Copy verbatim the span of lines beginning at the line that contains "Calendar Monday Through" and ending with the final line of the data. Exclude pictures from the copy.
╭─ DATA SHOWN
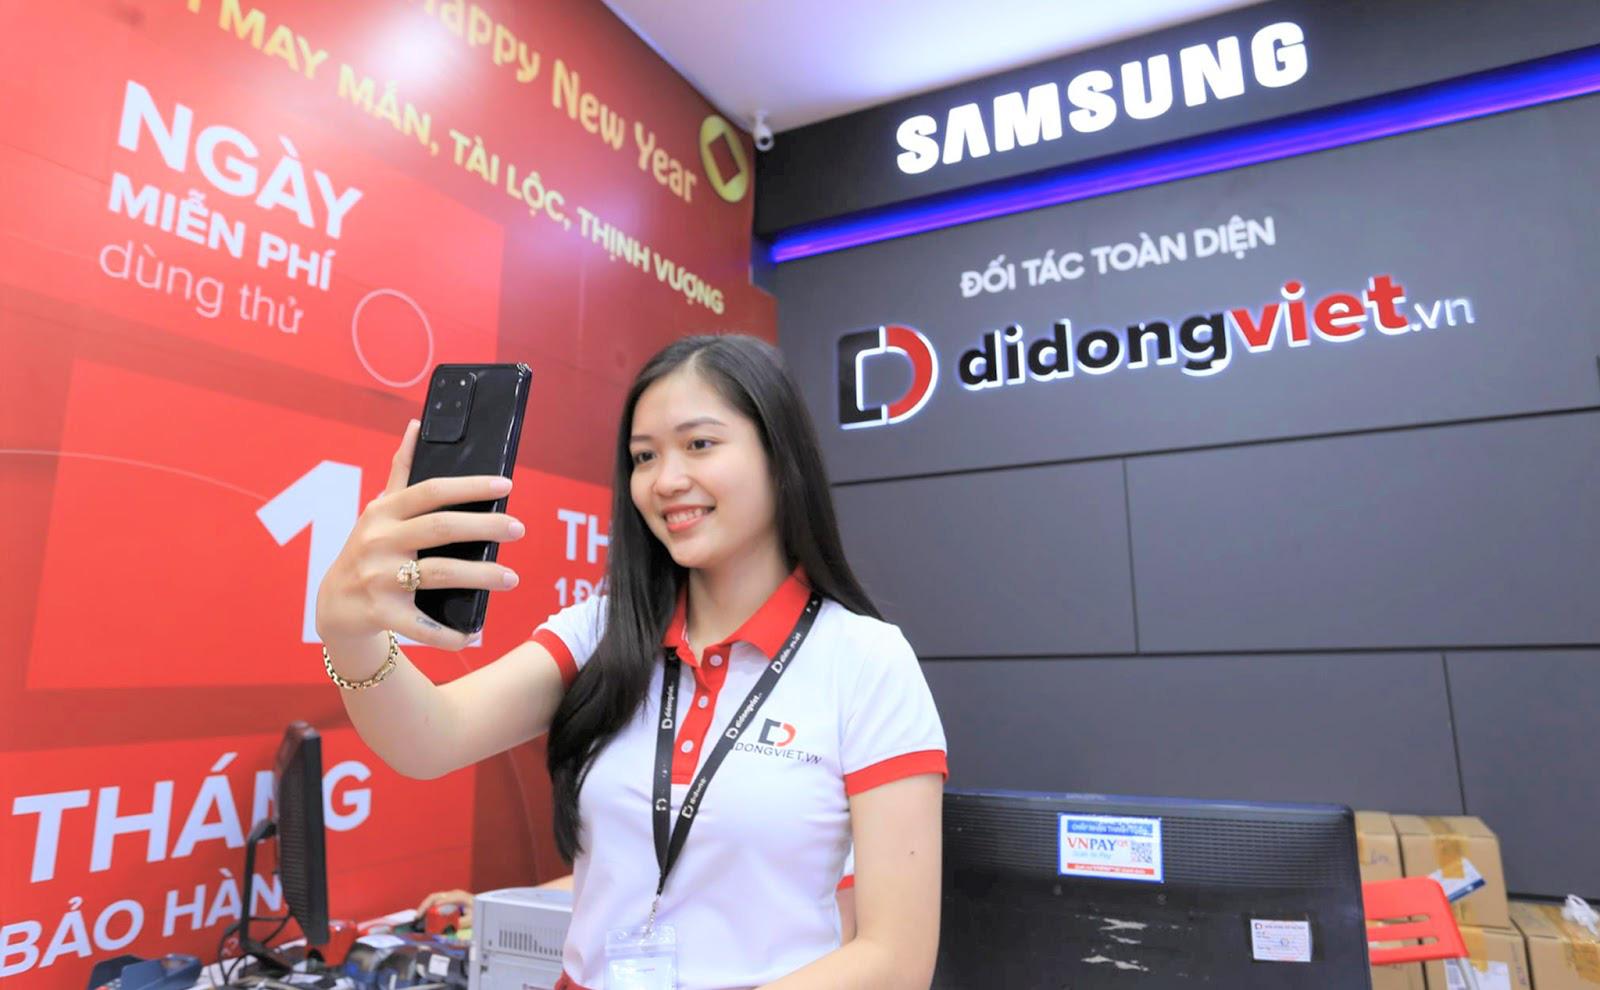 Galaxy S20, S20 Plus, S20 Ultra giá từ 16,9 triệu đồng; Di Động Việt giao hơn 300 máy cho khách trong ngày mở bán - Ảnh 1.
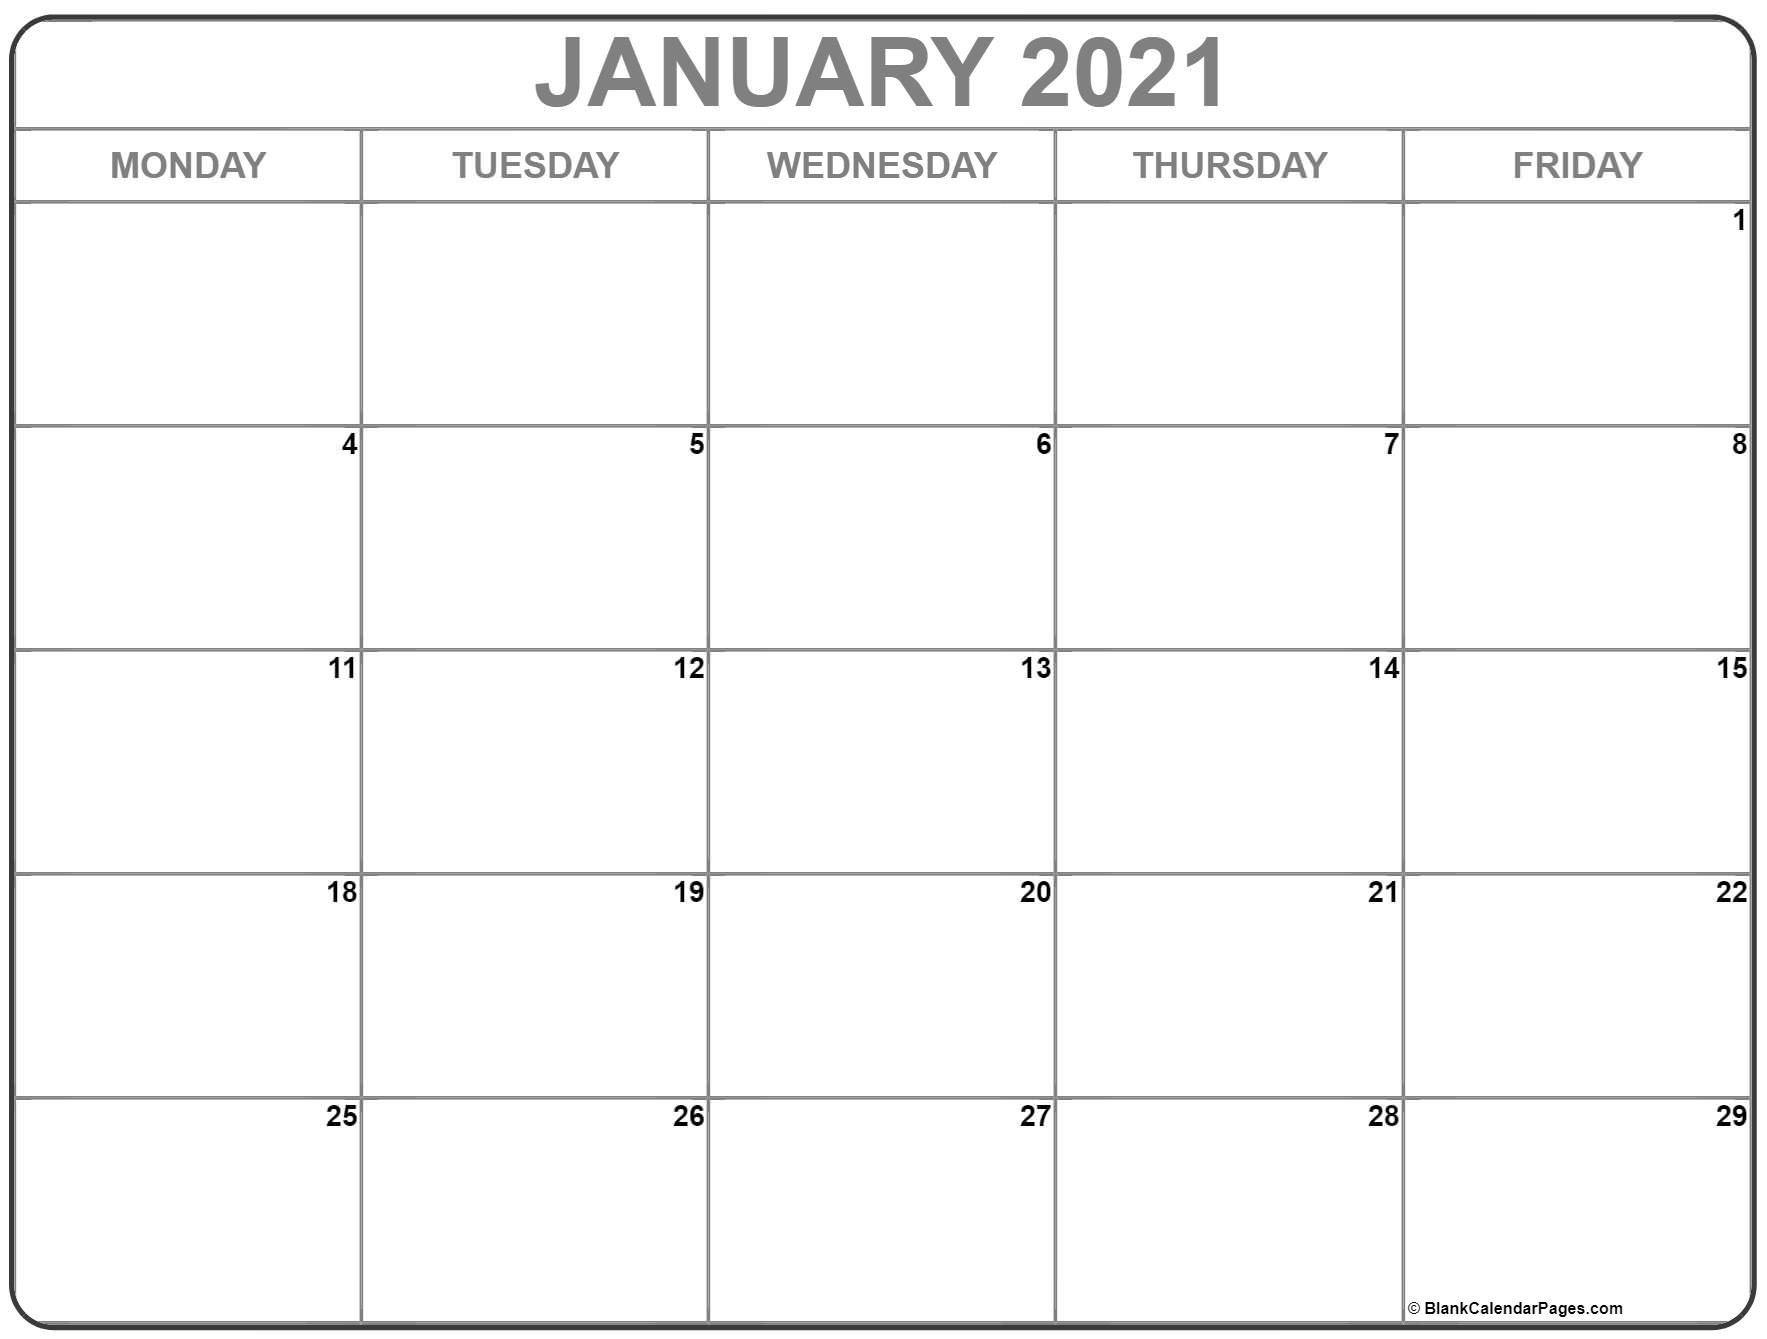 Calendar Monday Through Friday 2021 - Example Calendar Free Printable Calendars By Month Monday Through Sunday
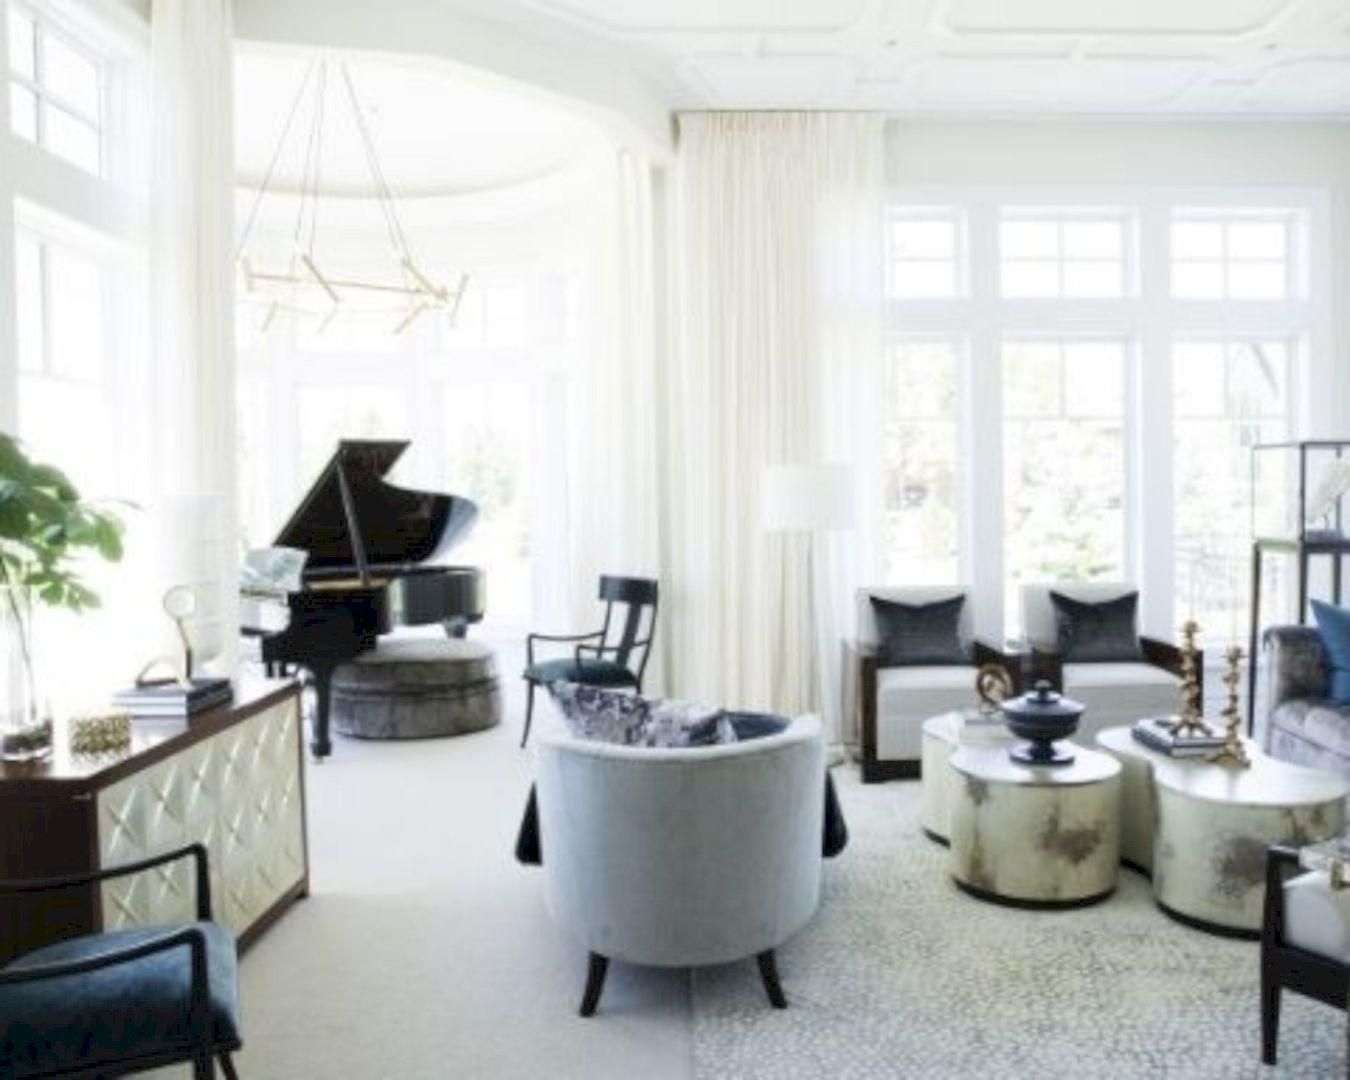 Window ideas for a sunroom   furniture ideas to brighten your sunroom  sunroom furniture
╰─
_SOLUTION TO THIS EXERCISE_
 Calendar Monday Through Friday 2021 - Example Calendar Free Printable Calendars By Month Monday Through Sunday
 Window ideas for a sunroom   furniture ideas to brighten your sunroom  sunroom furniture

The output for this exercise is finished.